ACTION ITEM: Give the listing again exactly, skipping any pictures it holds.

SUPPLIED INFORMATION:
▼▼▼

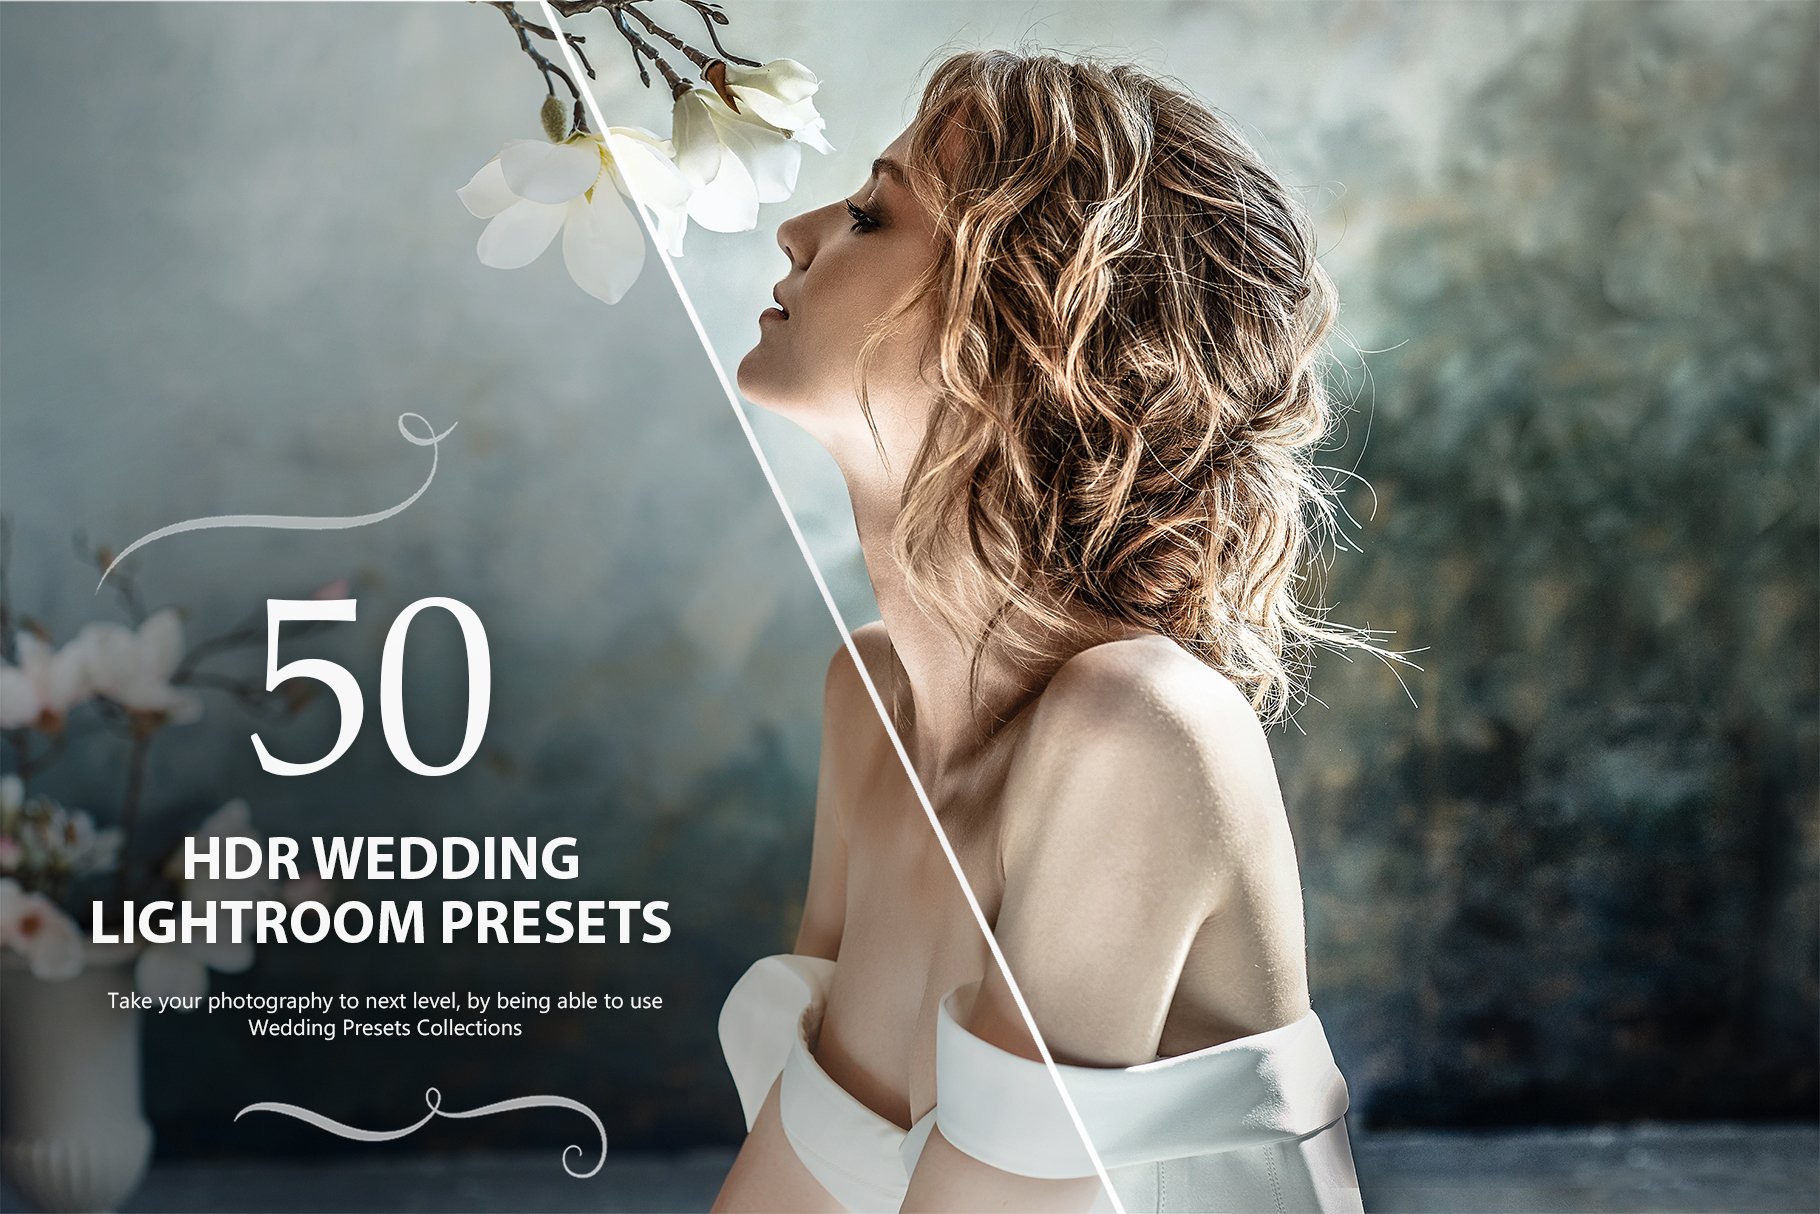 50 HDR Wedding Lightroom Presets
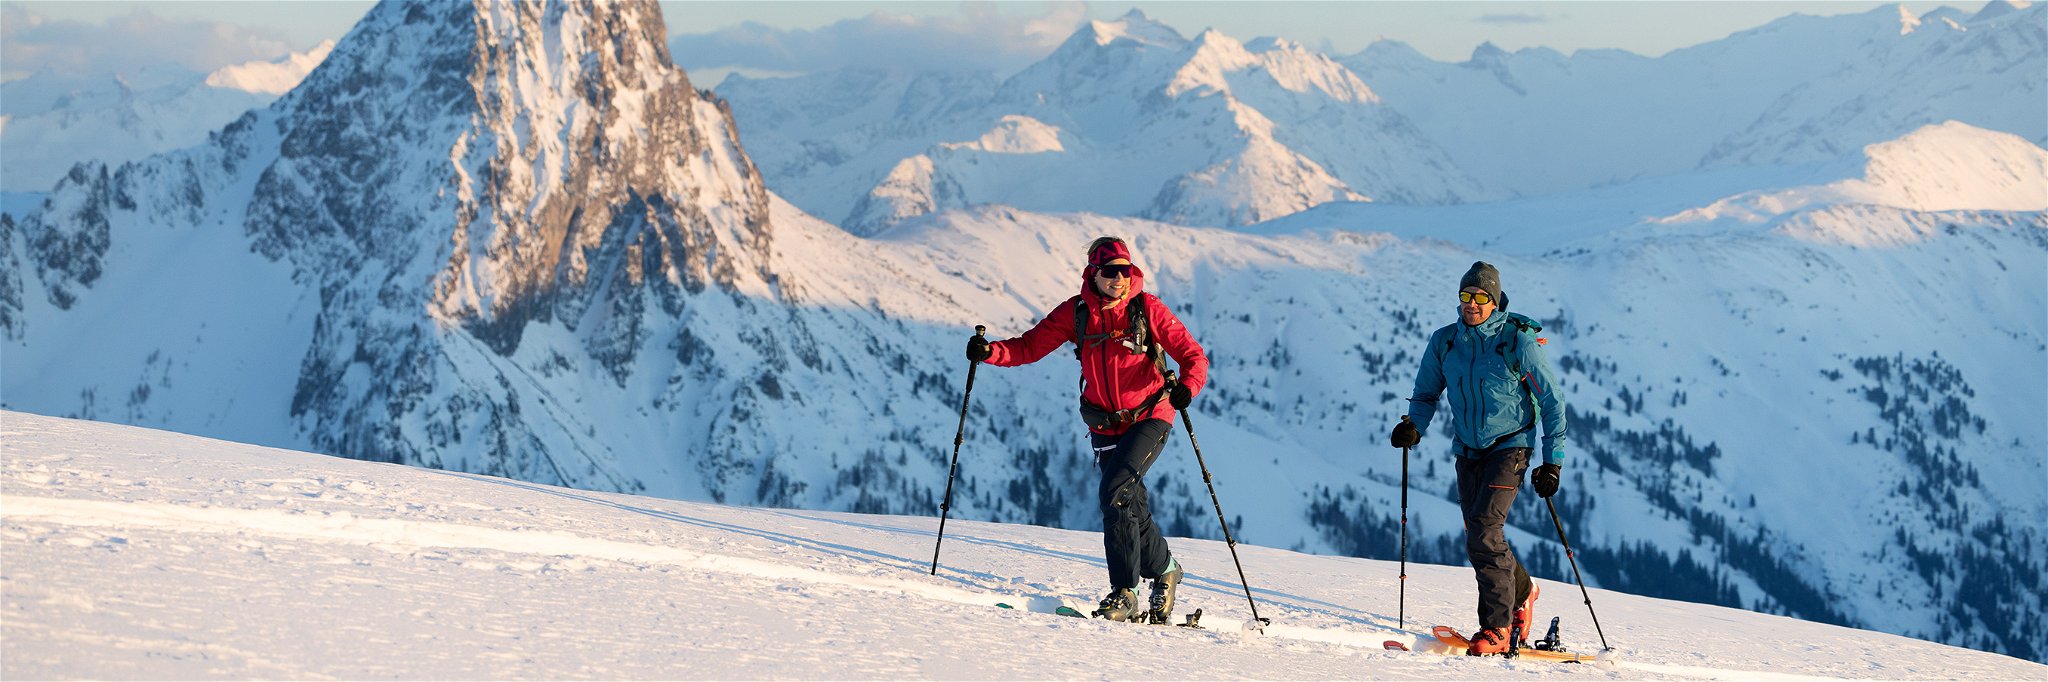 Das Brixental bietet einsame Täler mit herrlichen Skitouren.
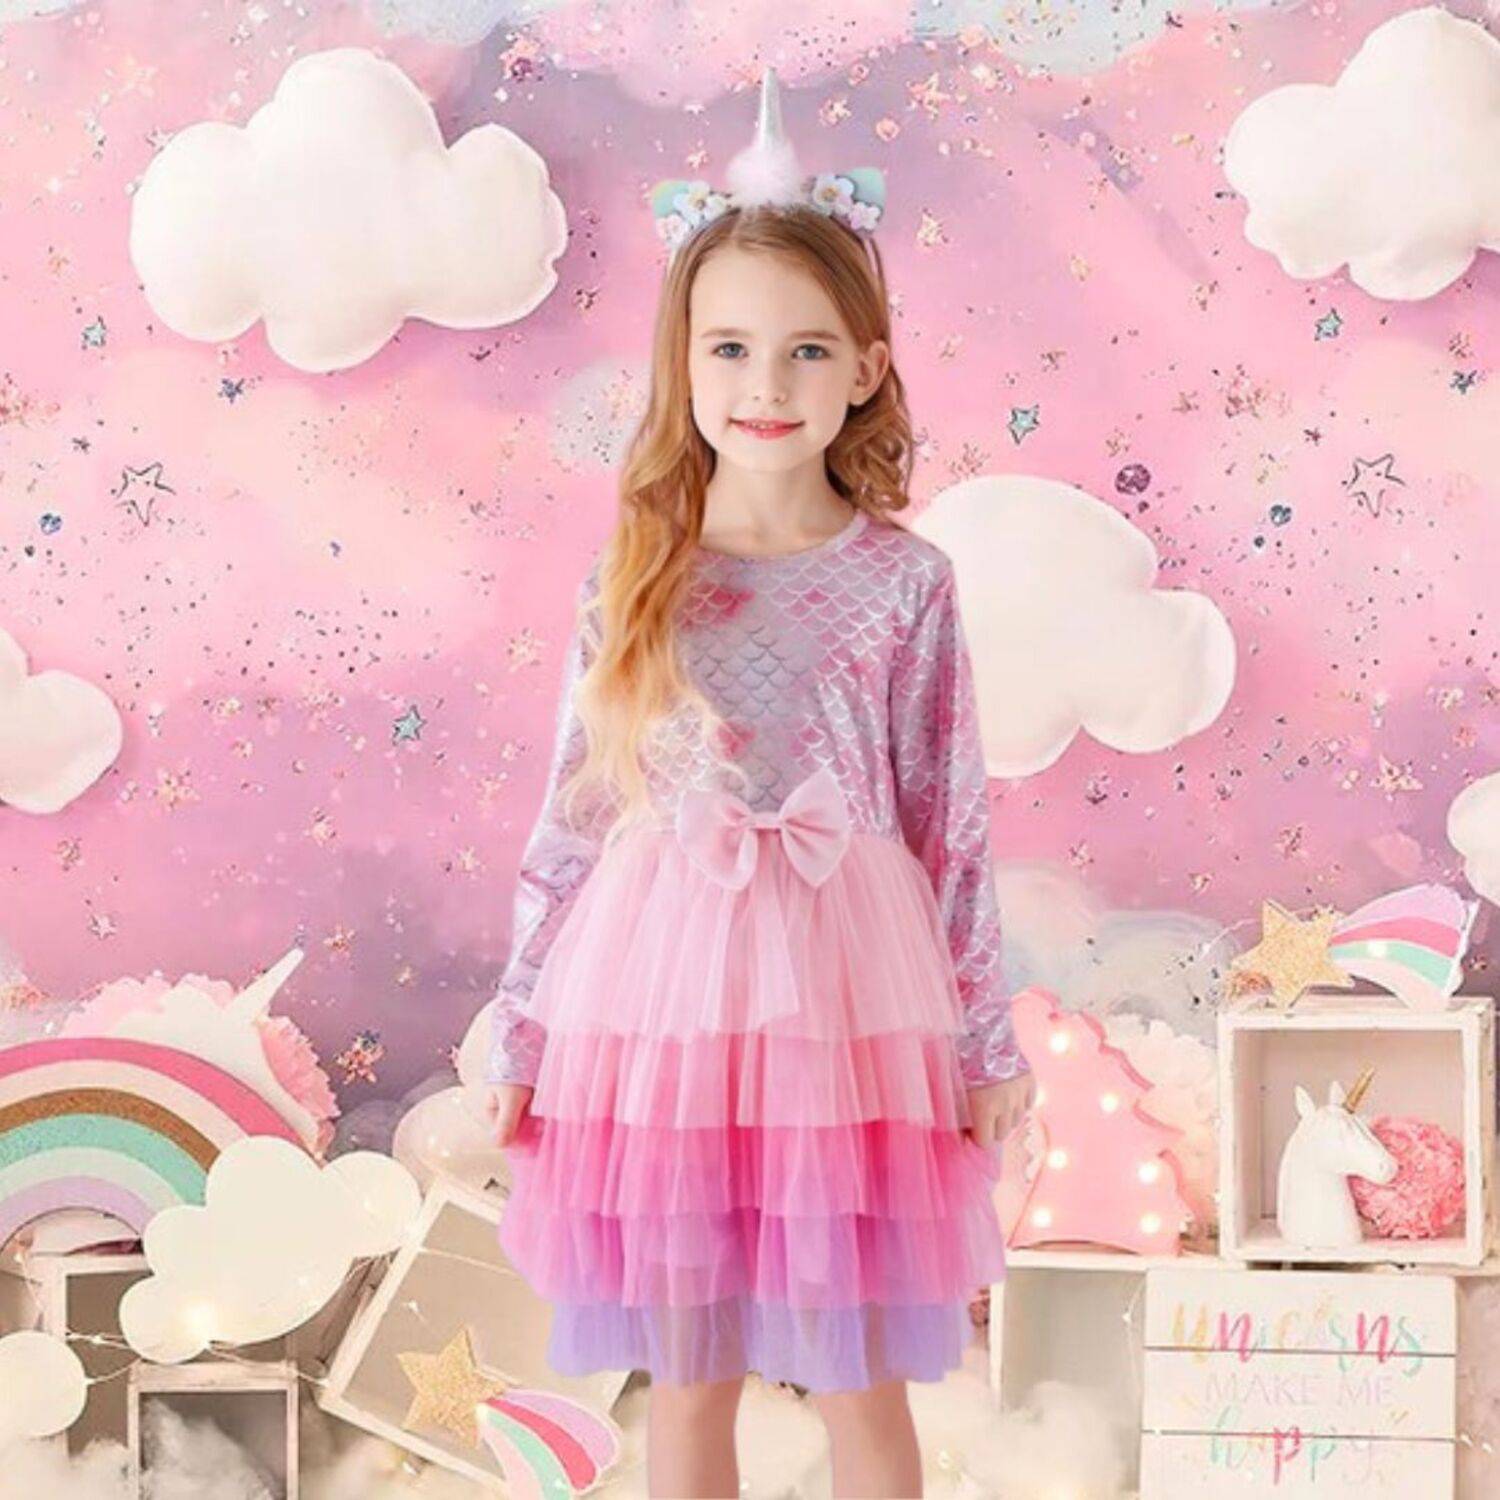 Vestido de Niña de Barbie + Vincha IMPORTADO

▲▲▲

RESULT:
 50 HDR Wedding Lightroom Presets
 Das Brixental bietet einsame Täler mit herrlichen Skitouren.
 Vestido de Niña de Barbie + Vincha IMPORTADO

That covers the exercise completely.